14. An isolated polypeptide selected from the group consisting of: (i) an isolated polypeptide comprising an amino acid having at least 95% identity to the amino acid sequence of SEQ ID NO:7 over the entire length of SEQ ID NO:7; (ii) an isolated polypeptide comprising the amino acid sequence of SEQ ID NO: 7; (iii) an isolated polypeptide which consists of the amino acid sequence of SEQ ID NO: 7; and (iii) a polypeptide that is encoded by a recombinant polynucleotide comprising the polynucleotide sequence of SEQ ID NO: 8.

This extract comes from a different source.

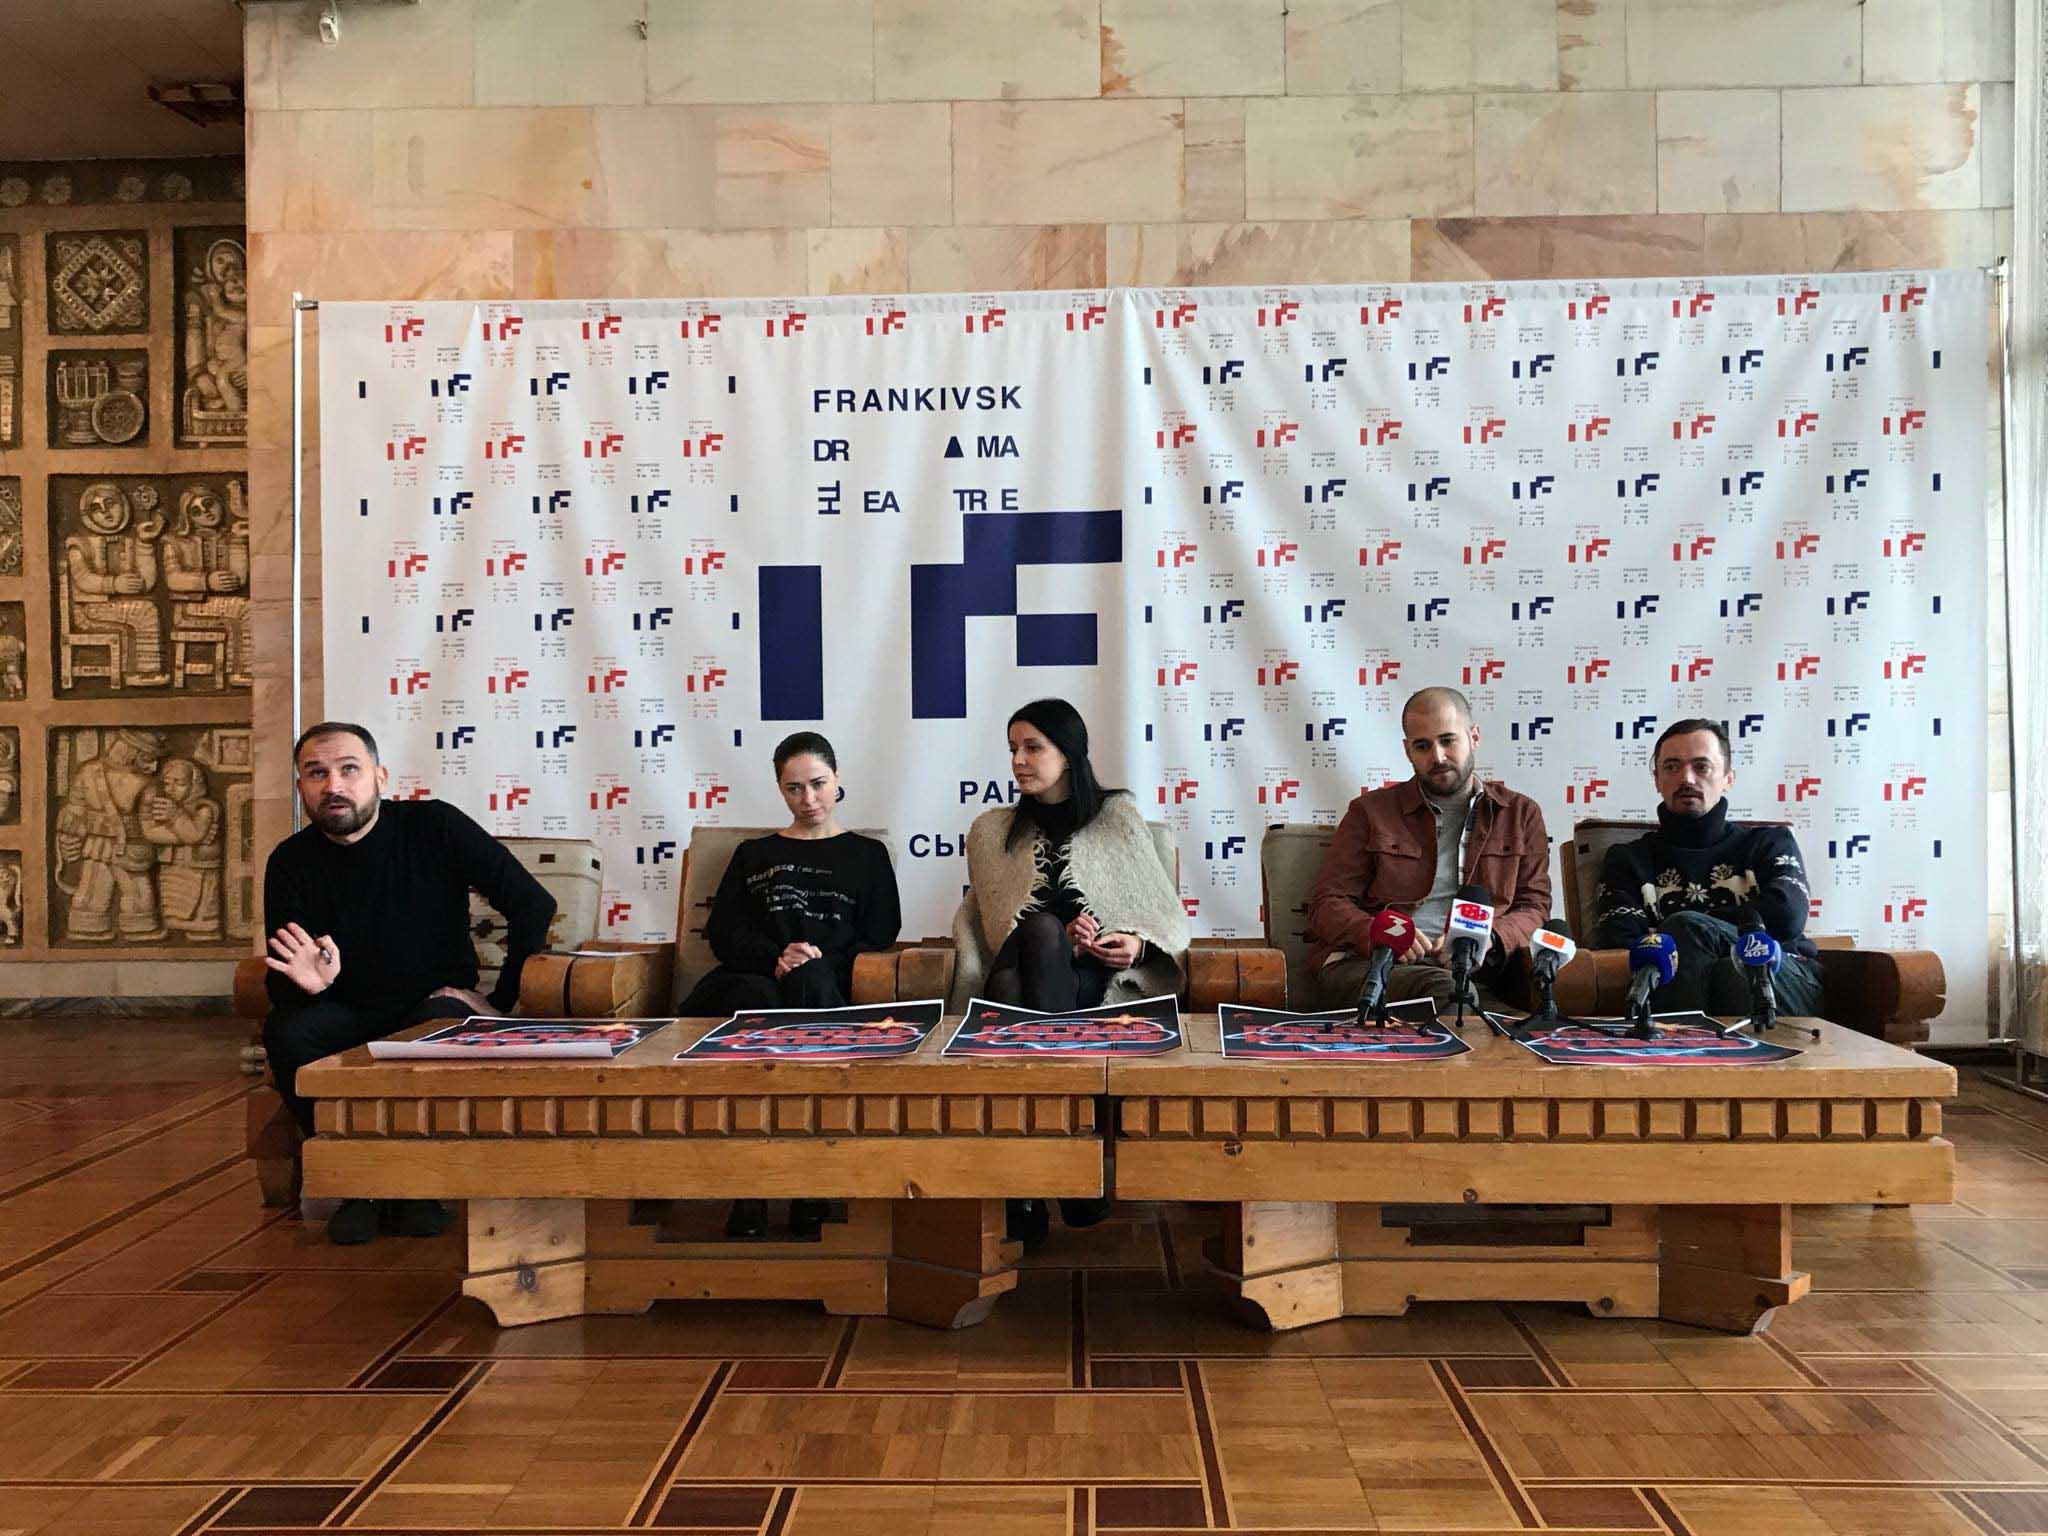 Нарешті прем'єра: франківський драмтеатр дивуватиме фрікнутою комедією «Гоголь кабаре» (ФОТО)
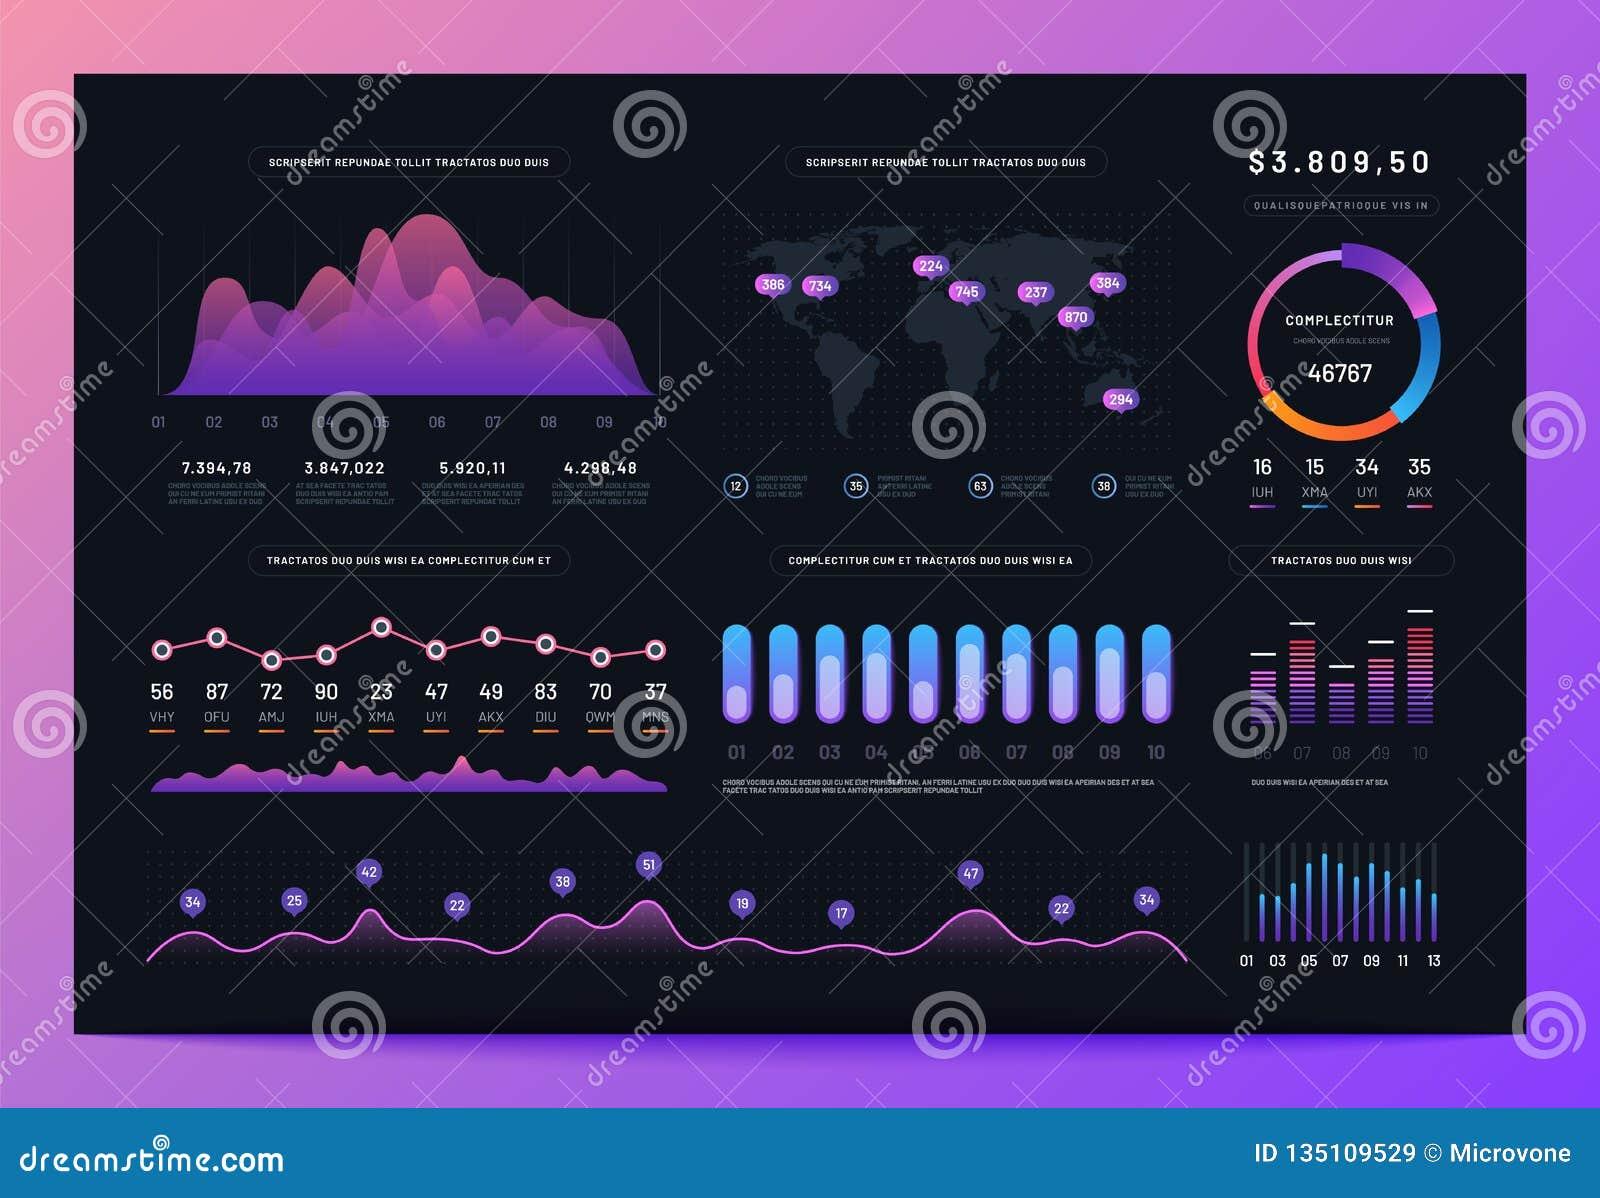 Ταμπλό διεπαφών Επιτροπή πληροφοριών analytics Ux ui με τις γραφικές παραστάσεις χρηματοδότησης, το διάγραμμα πιτών και τα διαγρά

15. An isolated polynucleotide selected from the group consisting of: i) an isolated polynucleotide comprising a polynucleotide sequence encoding a polypeptide that has at least 95% identity to the amino acid sequence of SEQ ID NO: 7, over the entire length of SEQ ID NO: 7; (ii) an isolated polynucleotide comprising a polynucleotide sequence that has at least 95% identity over its entire length to a polynucleotide sequence encoding the polypeptide of SEQ ID NO: 7; (iii) an isolated polynucleotide comprising a nucleotide sequence that has at least 95% identity to that of SEQ ID NO: 8 over the entire length of SEQ ID NO: 8; (iv) an isolated polynucleotide comprising a nucleotide sequence encoding the polypeptide of SEQ ID NO: 7; (iv) an isolated polynucleotide which consists of the polynucleotide of SEQ ID NO: 8; (v) an isolated polynucleotide of at least 30 nucleotides in length obtainable by screening an appropriate library under stringent hybridization conditions with a probe having the sequence of SEQ ID NO: 8 or a fragment thereof of at least 30 nucleotides in length; and (vi) a polynucleotide sequence complementary to said isolated polynucleotide of (i), (ii), (iii), (iv), (v), (vi) or (vi).